Ok. Have you ever had something so cool so intense that you don’t want to share it with anyone else because they might not understand or they might taint it? That is how I feel about this book I’m reading. Like this book is so personal when I read it I feel like it was written for me. And the thing is I know that I’m not the one to read or crave it. But I feel like I am the only that can really appreciate the book.

The thought of this book consumes my day. I am so intrigued by this book. So much so that I don’t need a sequel. I just want this book and I could read it over and over; and would without getting tired of it. Now don’t think that me and the book agree on everything but its like we understand eachothers point of view and agree to disagree.

And there have been many times that I go to sleep after reading the book feeling my day had been fufilled by reading. Times when I can’t wait until I pick this book up. And through out the night I think about it even when there is no dream, my brain churns over this book. And I am memorized by this book and its apparent acceptance of me. The way the book don’t judge me nor does it humiliate me. I appricate the author of this book so much. So much that I want the author to know how much this book has impacted my life.

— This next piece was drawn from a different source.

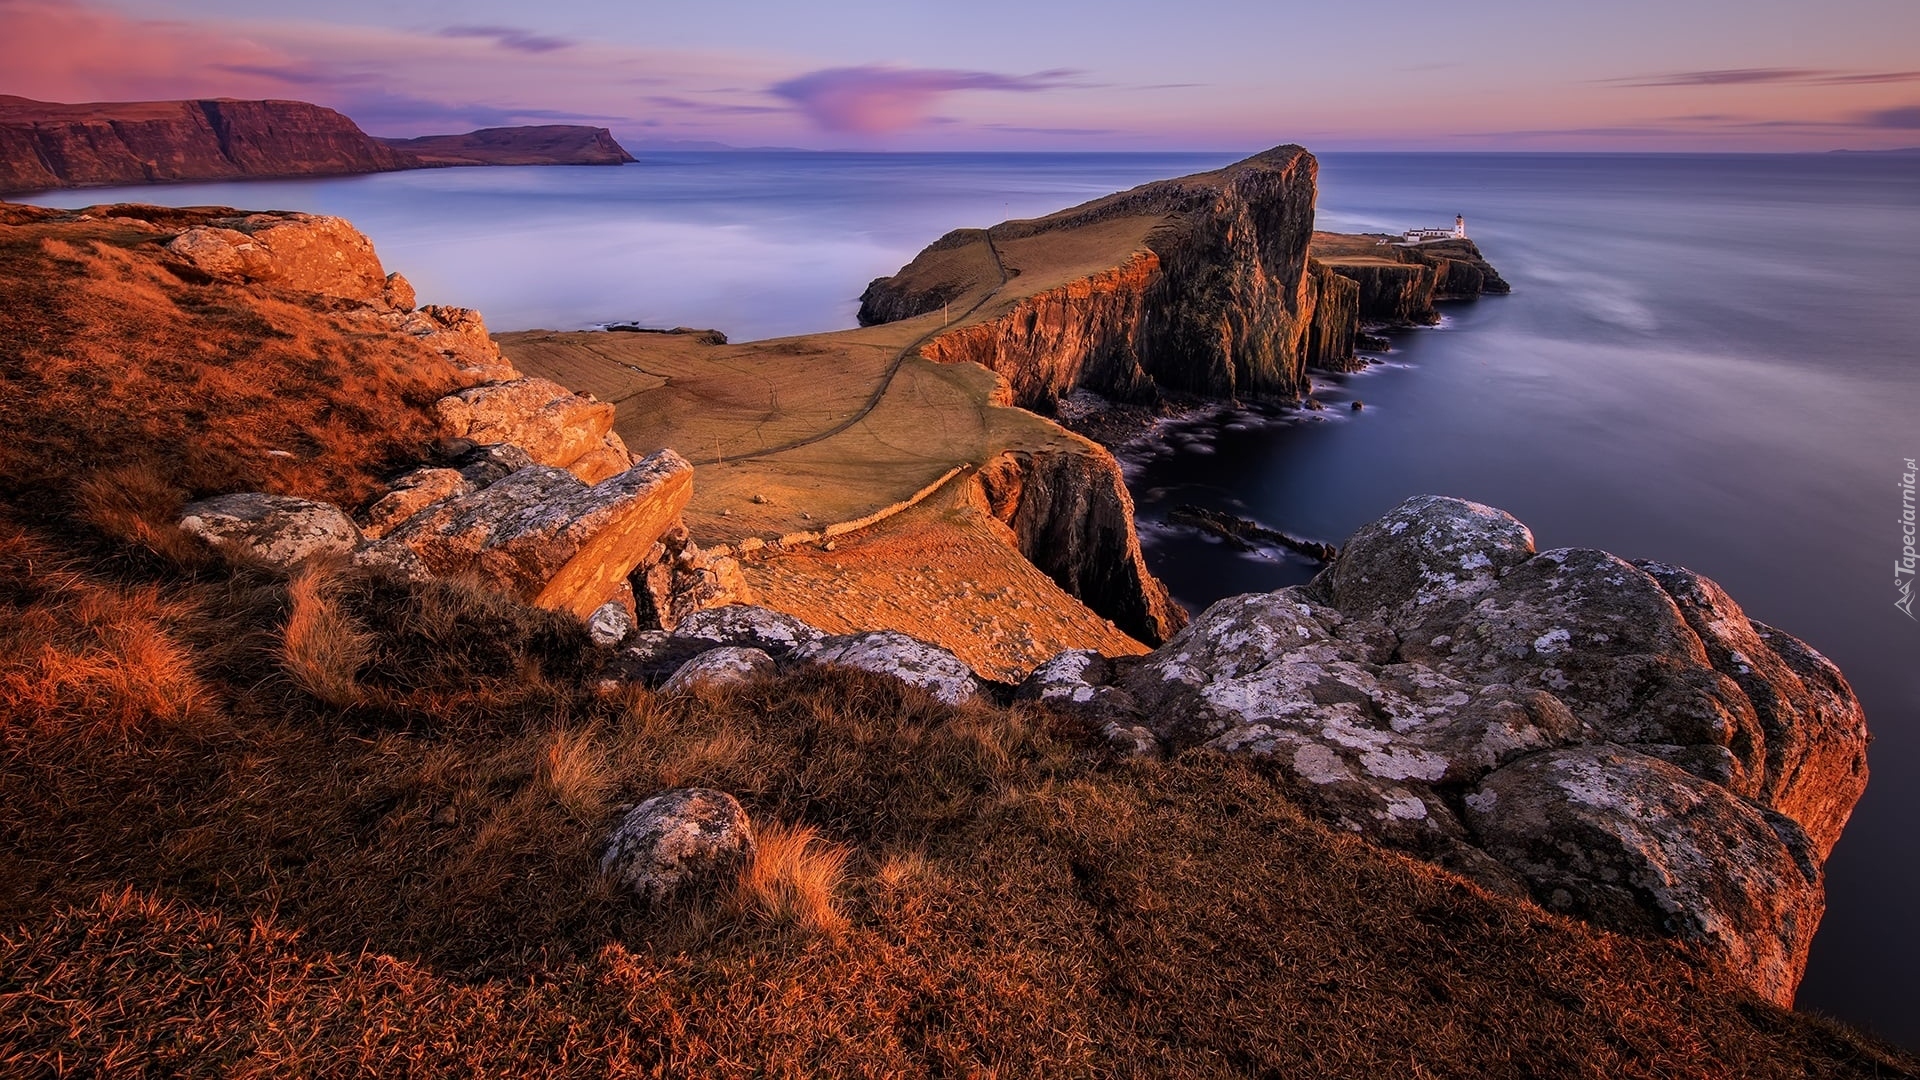 Morze Szkockie, Wybrzeże, Skały, Wyspa Skye, Latarnia morska, Neist Point Lighthouse, Półwysep Duirinish, Szkocja

The thing is I know that the book appreciates me. I know that I am may seem dramatic or crazy but you can’t understand if nothing has ever impressed you in this manner. This book capitivates my life, like when I get a hold of this book I am reassured that life is beautiful and difficult, easy and draining, excited and
heart-wrenching. I’m excited for the new things this book will bring.

I know this is random because I haven’t been reading this book long and I’m not finished but its such a new exciting part of my life that I don’t want to get to the end. So if I don’t pick up the phone like I used to don’t you take it personal…lol. I’m just cozying up to this book. And just so you know the book is NOT The secret. But it is my secret.

Dazedly drinking Solange’s Cosmic Journey with outgrown neon purple splash.